### Directions
Once the line holding "Asdivine Hearts II" is found, output it and all remaining lines of the data exactly, with every picture left out.

### Data extract
***

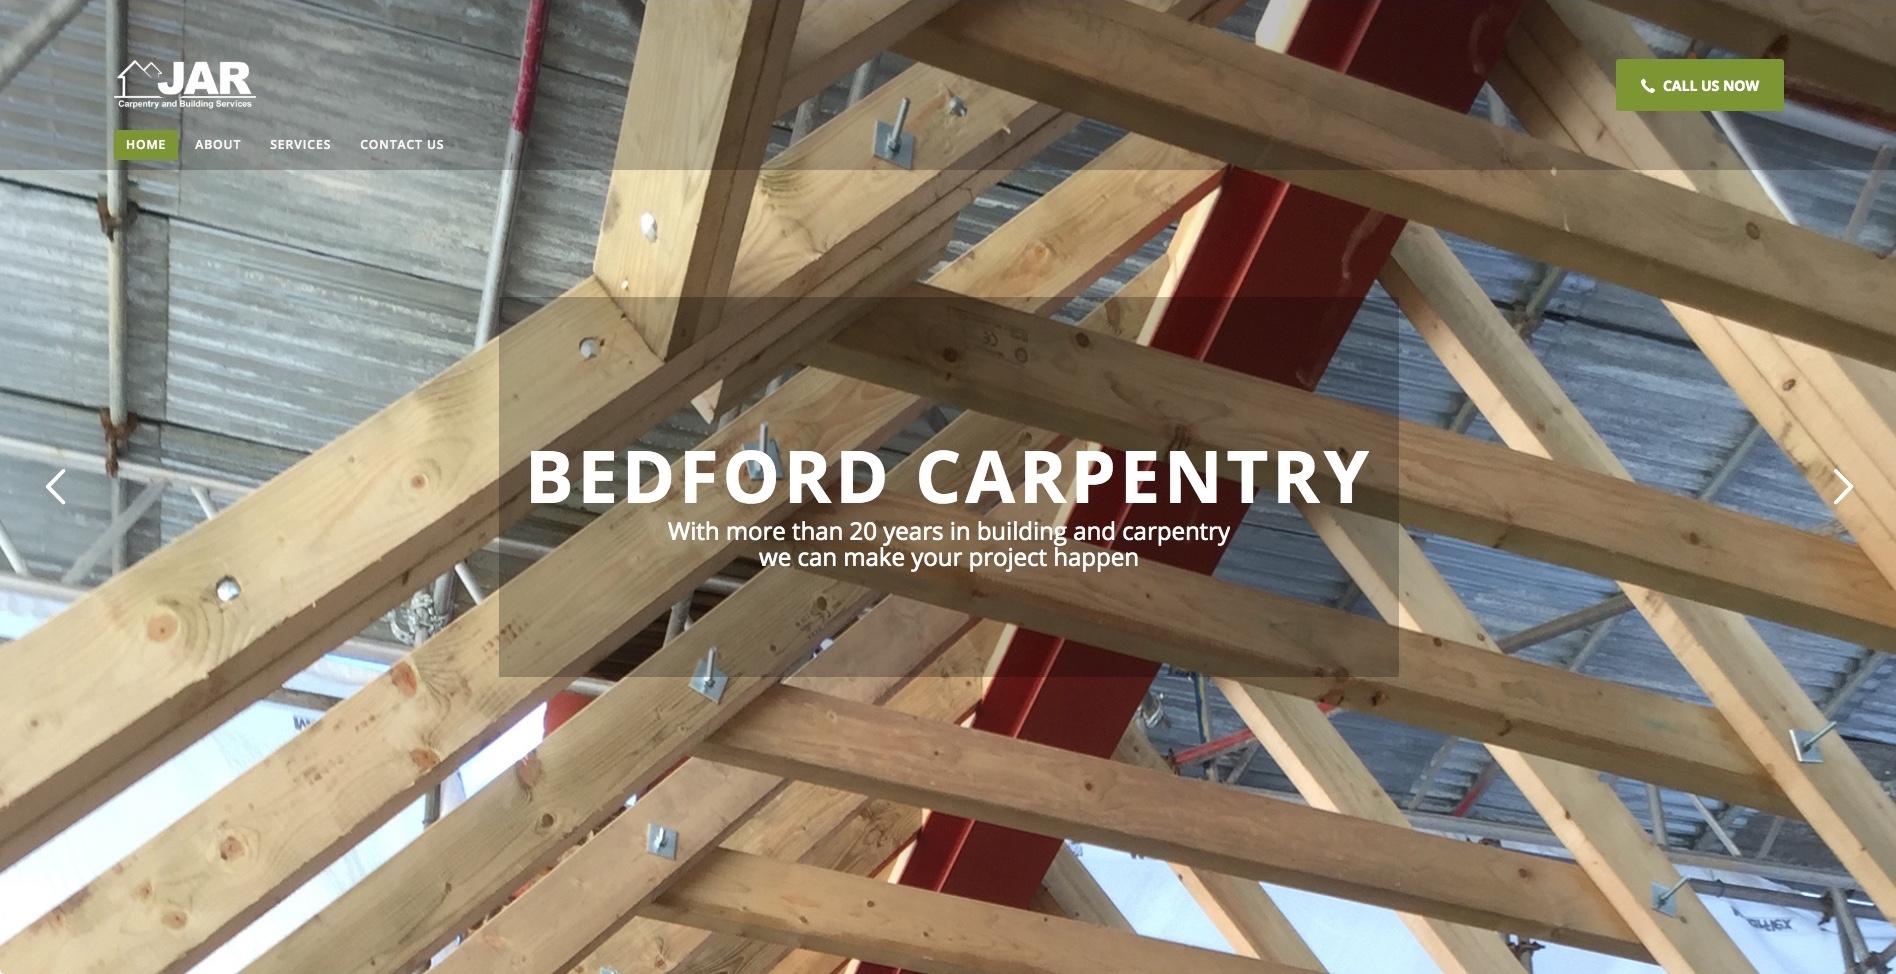 JAR Carpentry - Bedford
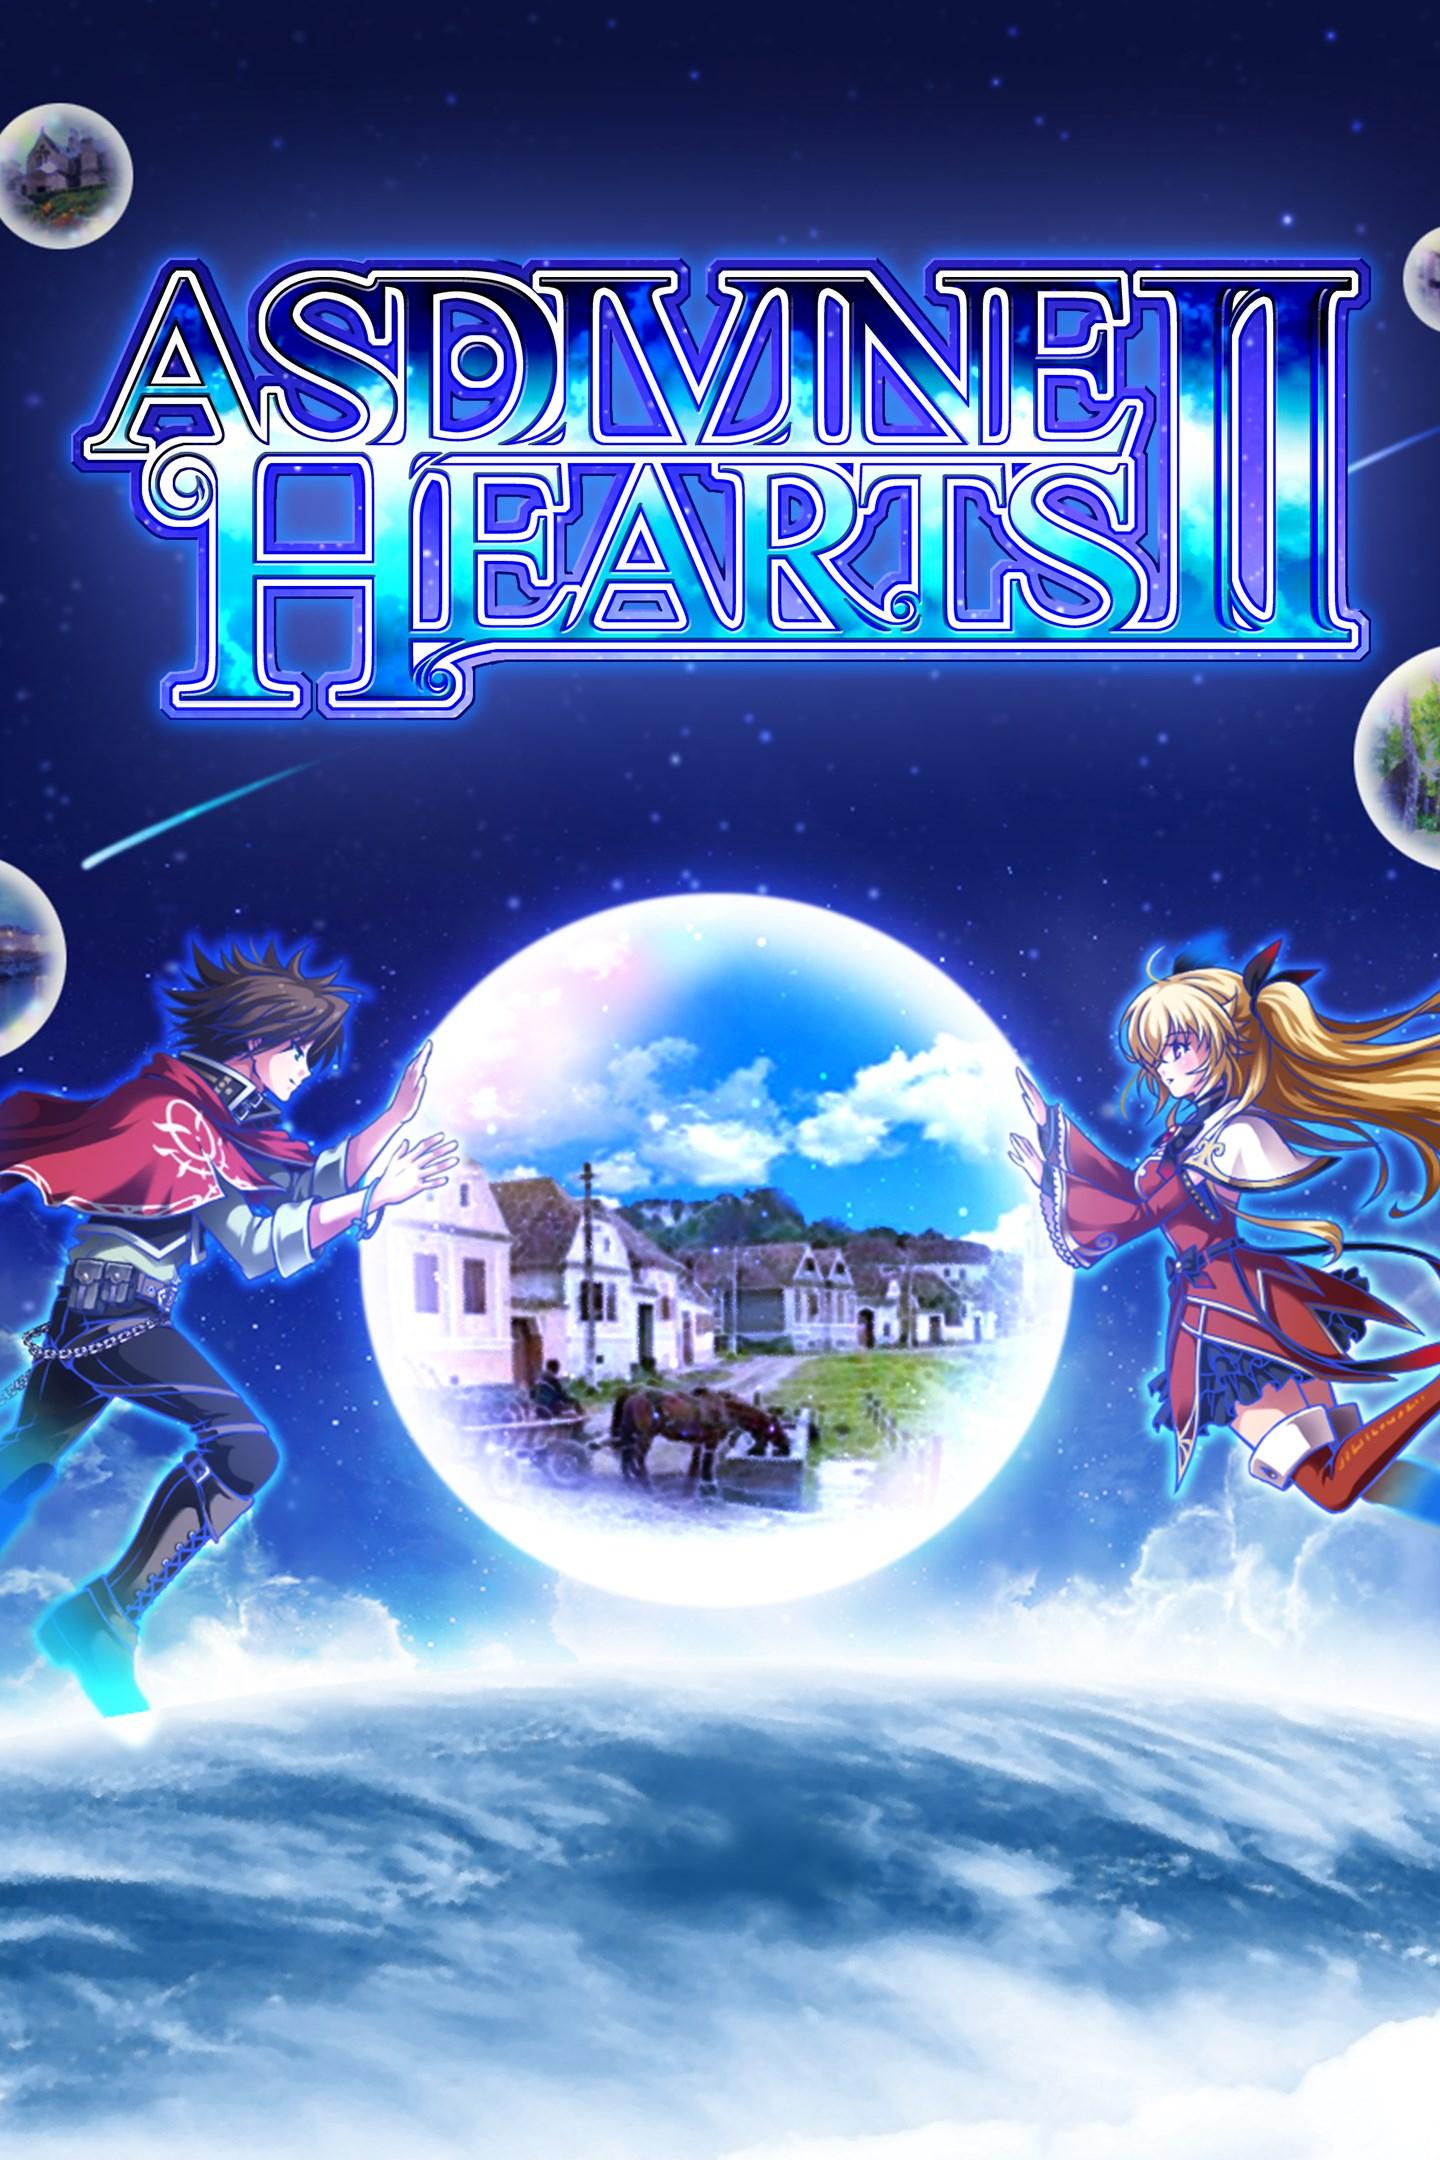 Asdivine Hearts II (Xbox One) gratis voor Xbox Live Gold members @ Xbox Store Japan
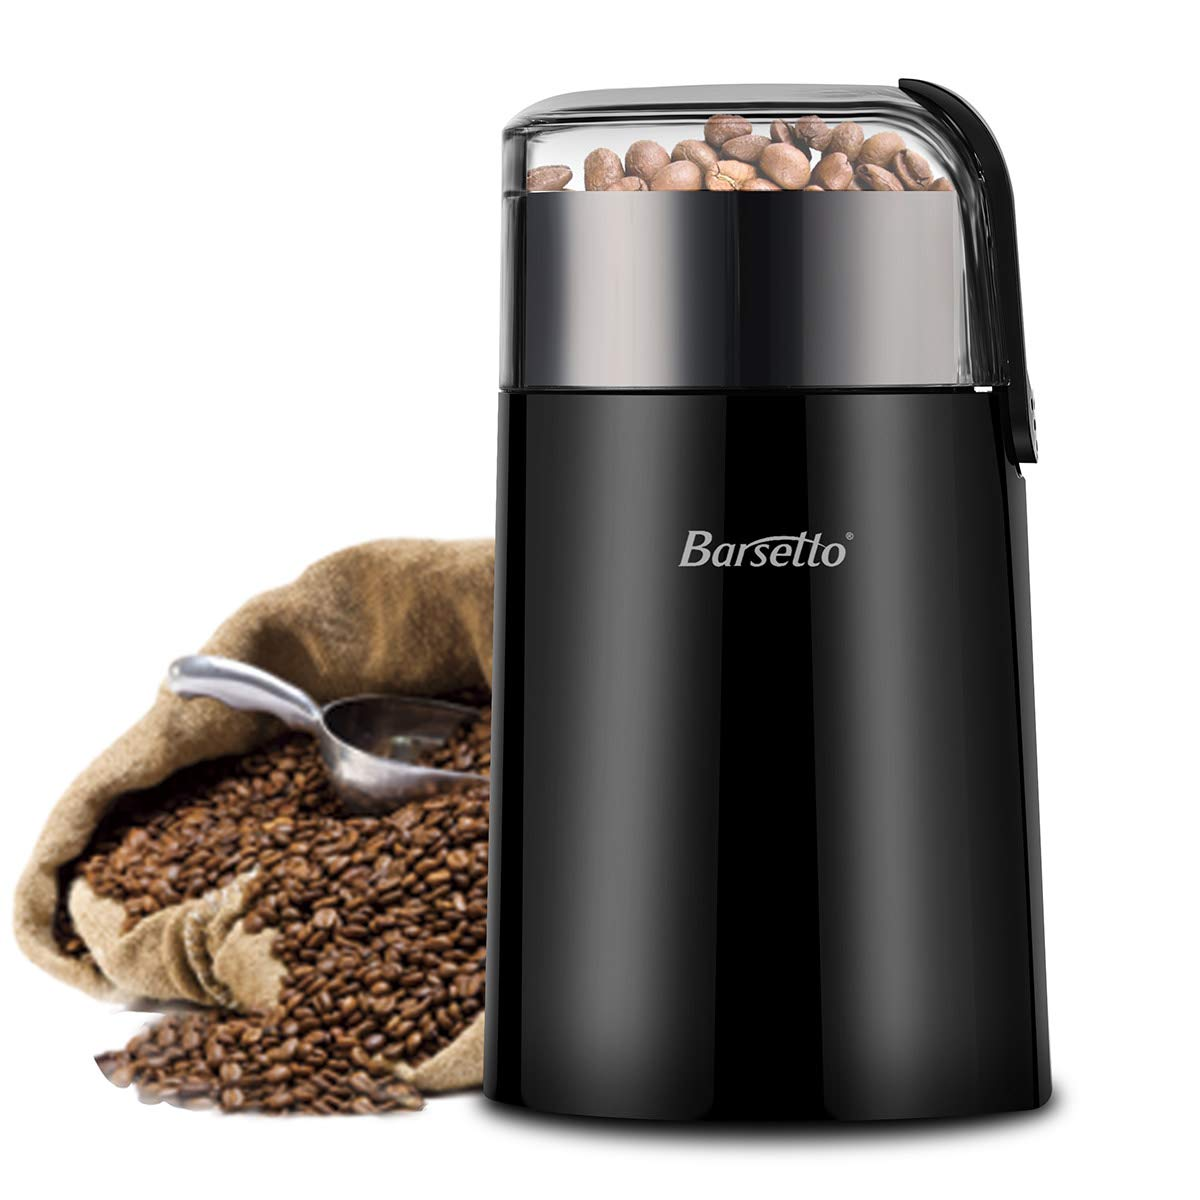 Kaffeemühle Barsetto Elektrische One-Touch HyperGrind Precision Edelstahlklingenmühle
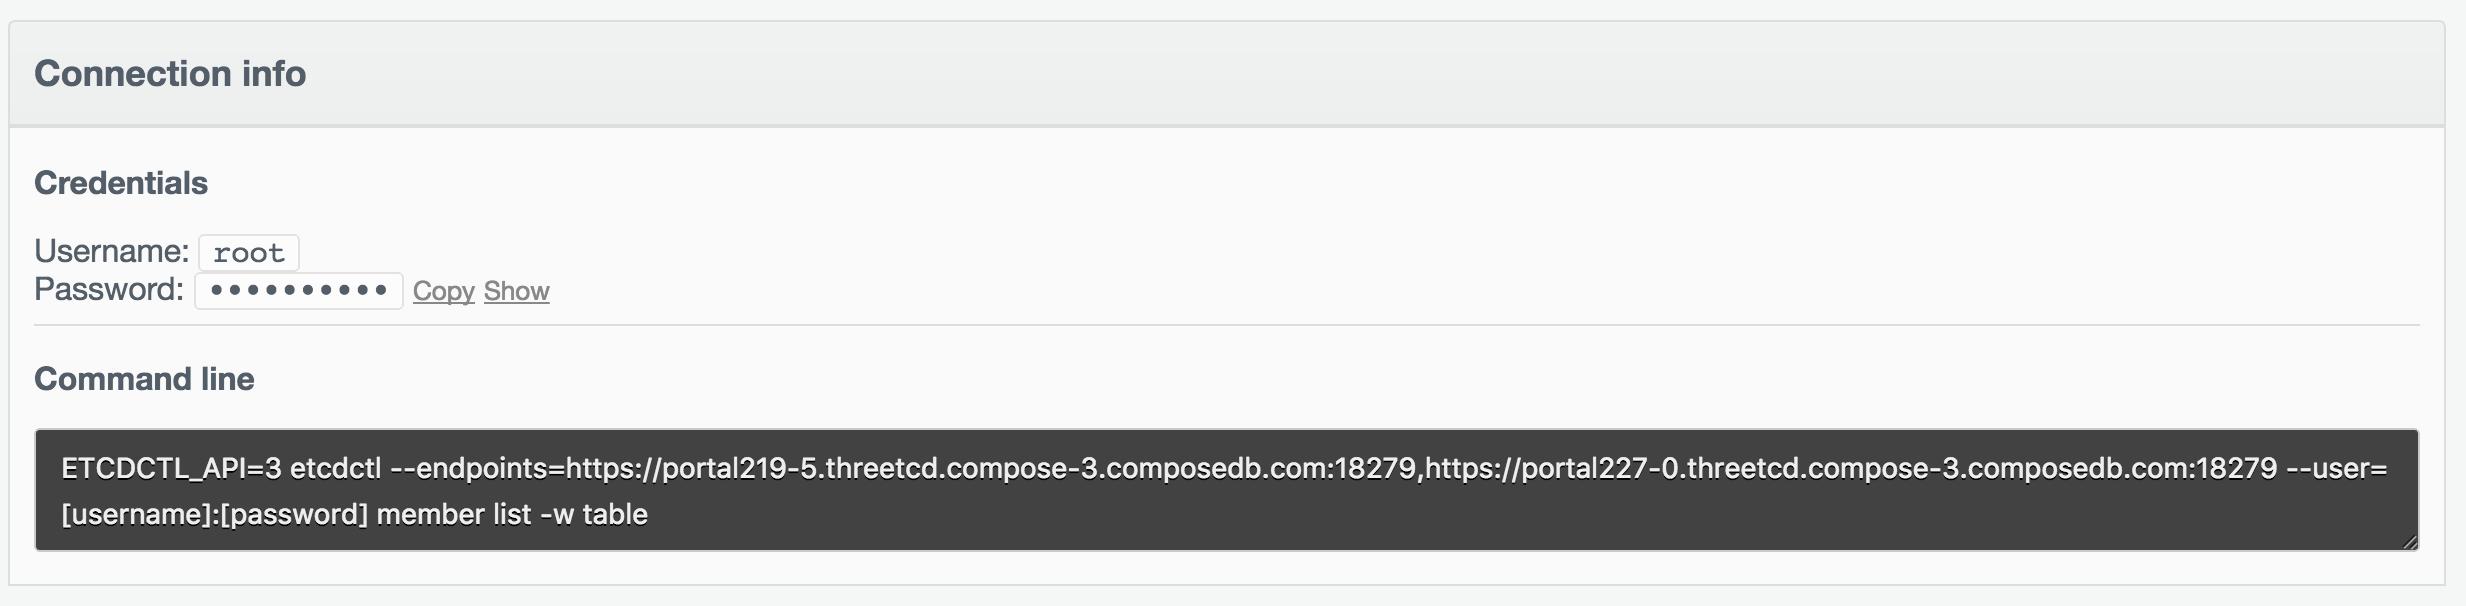 etcd v3 connection info

***

### Task response
 Asdivine Hearts II (Xbox One) gratis voor Xbox Live Gold members @ Xbox Store Japan
 Kaffeemühle Barsetto Elektrische One-Touch HyperGrind Precision Edelstahlklingenmühle
 etcd v3 connection info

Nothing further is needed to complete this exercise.